Claremont railway station is a railway station on the Transperth network in Western Australia. It is located on the Fremantle and Airport lines, 9.3 kilometres from Perth station serving the suburb of Claremont.

History
Claremont station opened in 1881 as Butlers Swamp, being renamed Claremont in 1883. In 1886 a new station was constructed 300 metres to the east. The 1886 buildings are now the oldest extant railway station buildings in Perth. It was the only station on the line to be built with a crossing loop.

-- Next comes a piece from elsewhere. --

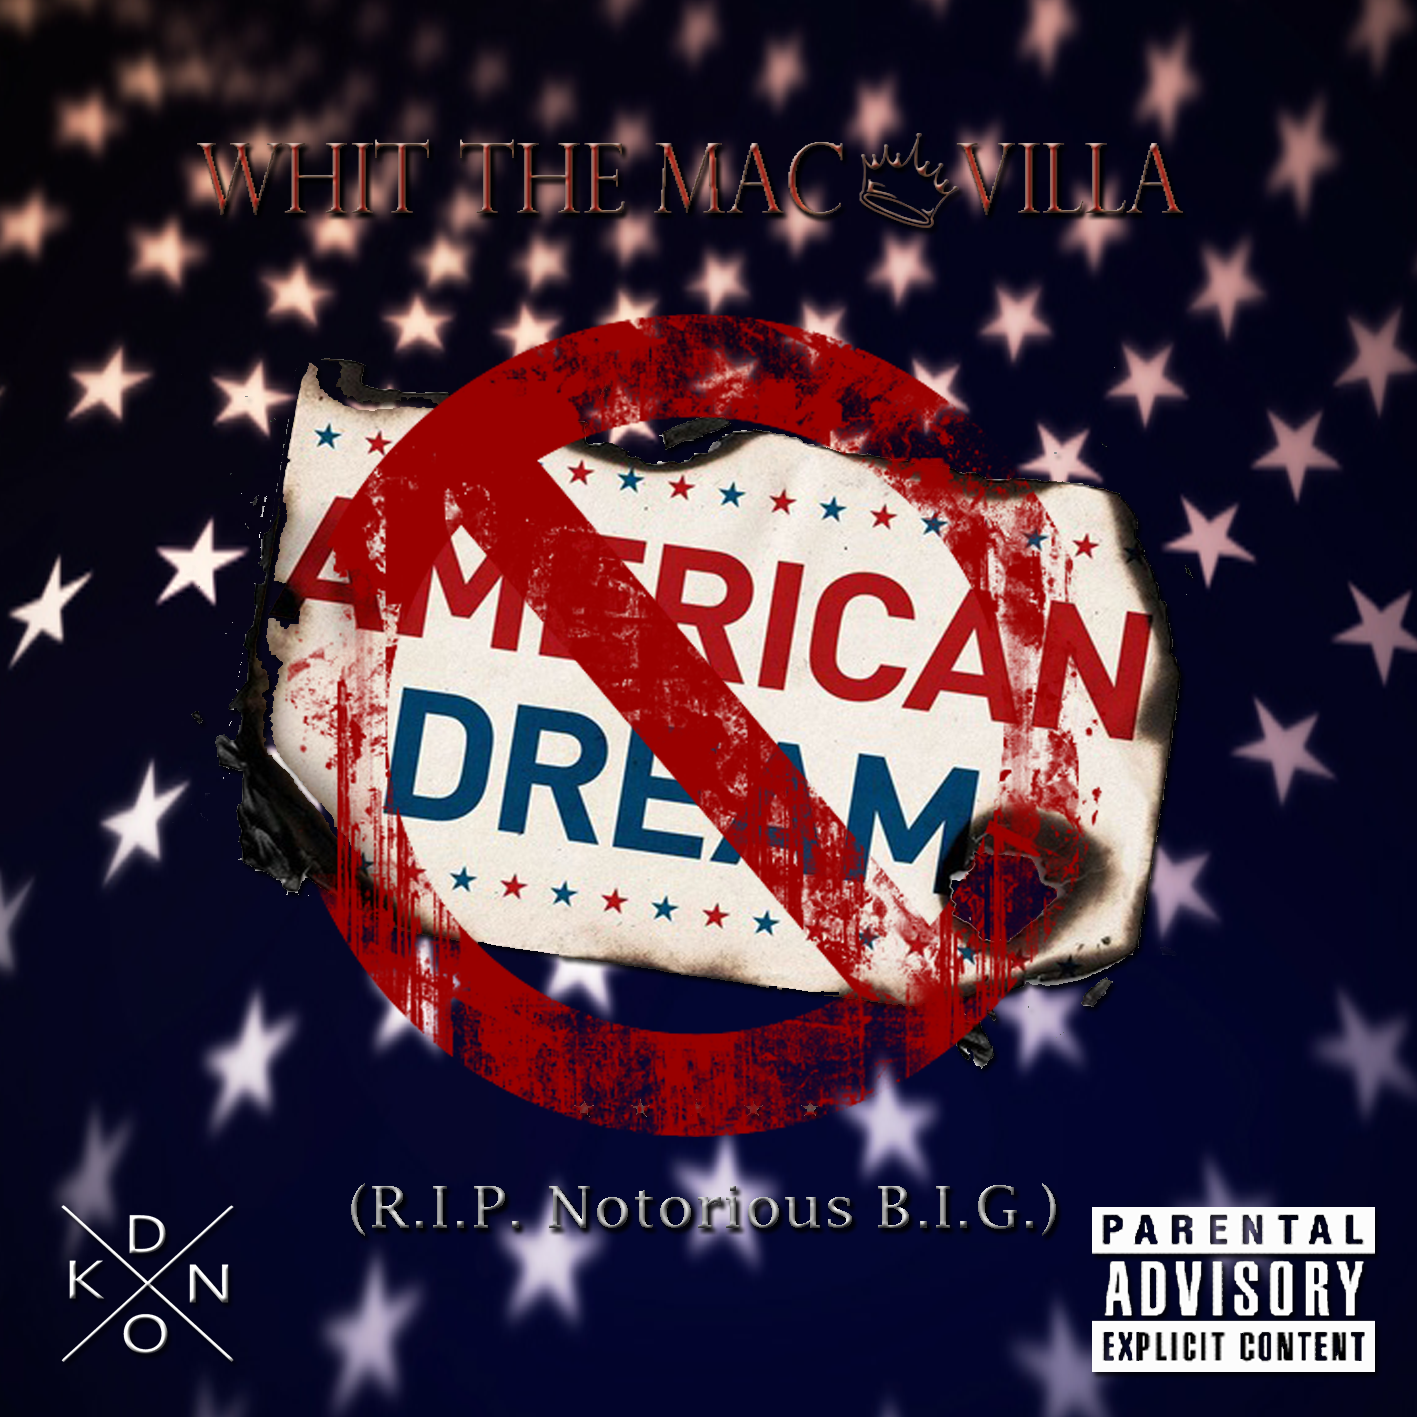 Whit the Mac Villa – “American Dream (R.I.P. Notorious B.I.G.)”

With the relocation of the Royal Perth Show to the Claremont Showground in 1905, a third platform was added with the station serving the show until Showgrounds station opened in 1954. The station closed on 1 September 1979 along with the rest of the Fremantle line, re-opening on 29 July 1983 when services were restored. The station building was restored at the same time. When the line was electrified in 1991, the station was cut back to one island platform and the original platform abandoned.

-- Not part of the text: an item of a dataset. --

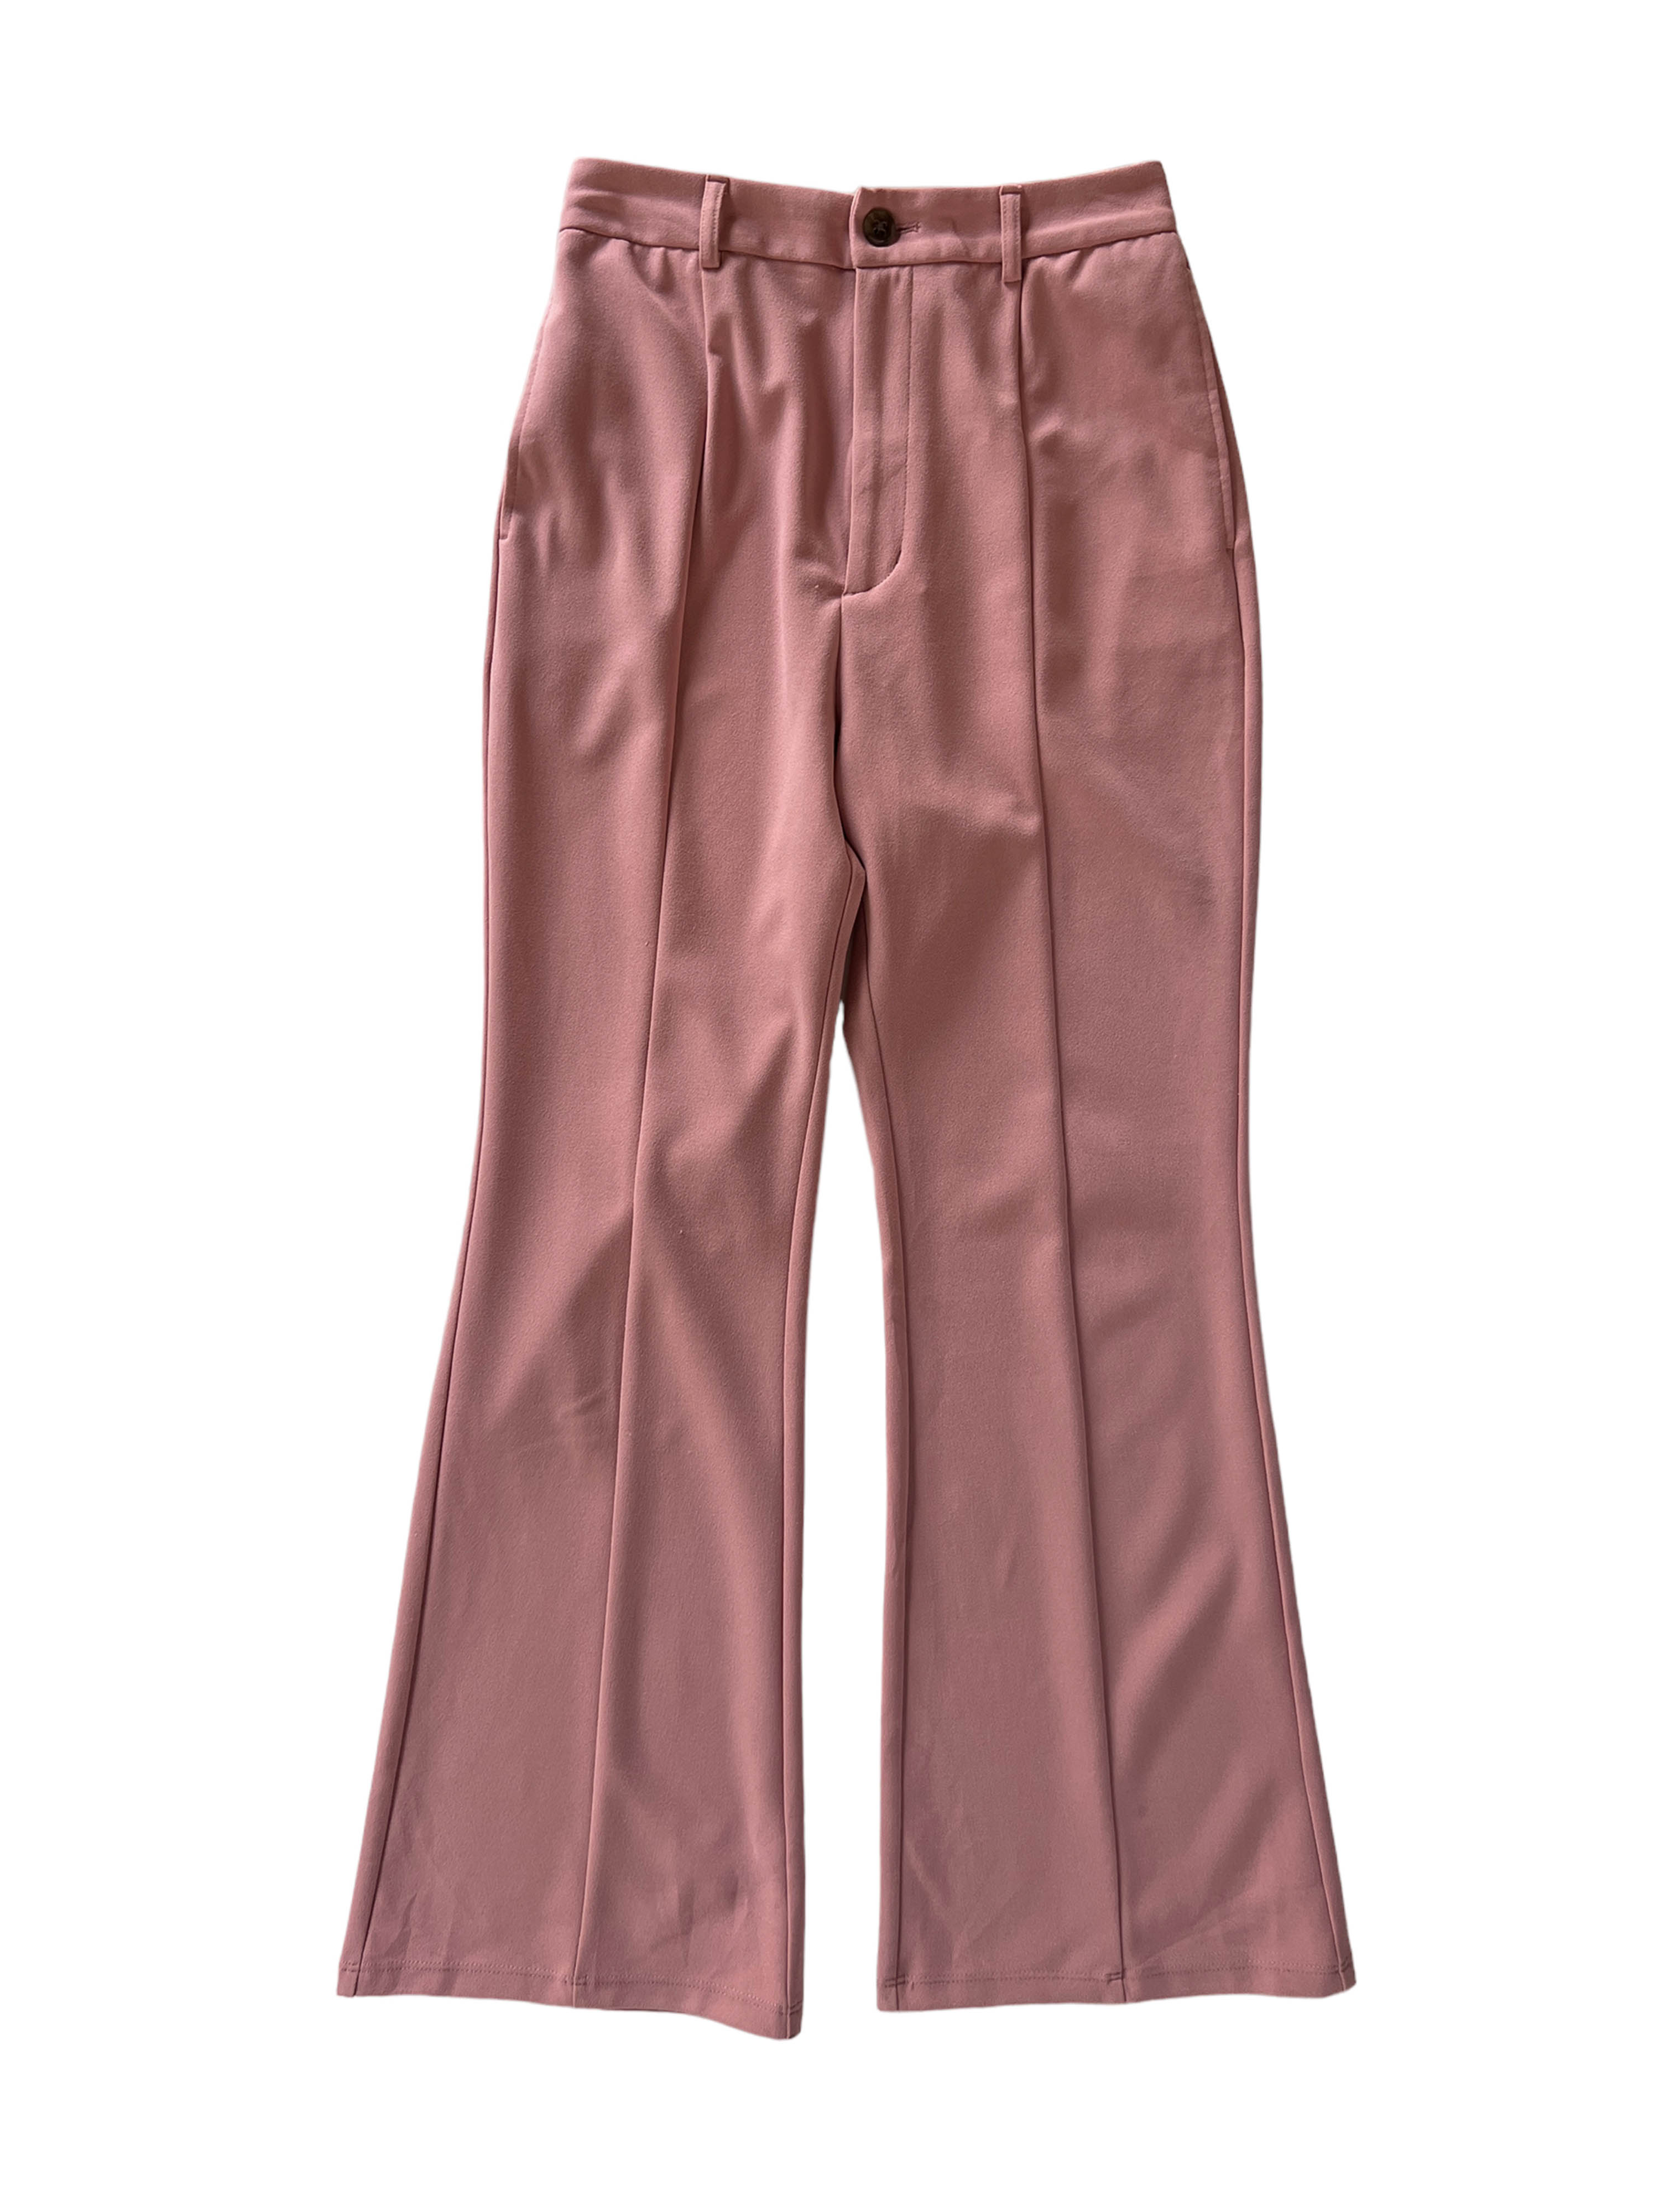 GU pink pants

After the Town of Claremont's Council Chambers were gutted by fire in 2010, it relocated its administration to the former station master's building. The former goods shed has been converted into a cultural centre and cafe.

Redevelopment 
In 2018, an upgrade to rail facilities at Claremont station was announced by the Government of Western Australia. The project involved the construction of new train turnback facilities west of the station, allowing Airport line trains to turn around at Claremont. Also included in the project was future proofing for an extension of the platform to facilitate six-carriage trains, and the installation of an additional underpass to replace the western pedestrian level crossing. Works were completed in 2021. The Airport line began servicing the station on 10 October 2022.

Station location
Claremont station is located in the middle of Claremont. The railway's right-of-way lies between two arterial roads: Shenton Road and Gugeri Street. There are three access points to the station from each street. At the western and eastern ends of the island platform are grade level track crossings through electrically activated gates. In the centre of the platform the original pedestrian bridge provides access by stairs to the platform and to the elevated signal box.

Services
Claremont station is served by the Airport and Fremantle lines on the Transperth network. Services are operated by Transperth Train Operations, a division of the PTA. The Fremantle line runs between Fremantle station and Perth station, continuing past Perth as the Midland line. The Airport line, which commenced regular services on 10 October 2022, goes between High Wycombe station and Claremont station.

Airport line and Fremantle line trains stop at Claremont every 12 minutes each during peak hour for a combined frequency of a train every 6 minutes. Outside peak hour and on weekends and public holidays, each line has a train every 15 minutes for a combined frequency of 7.5 minutes. Late at night, each line has a half-hourly or hourly frequency.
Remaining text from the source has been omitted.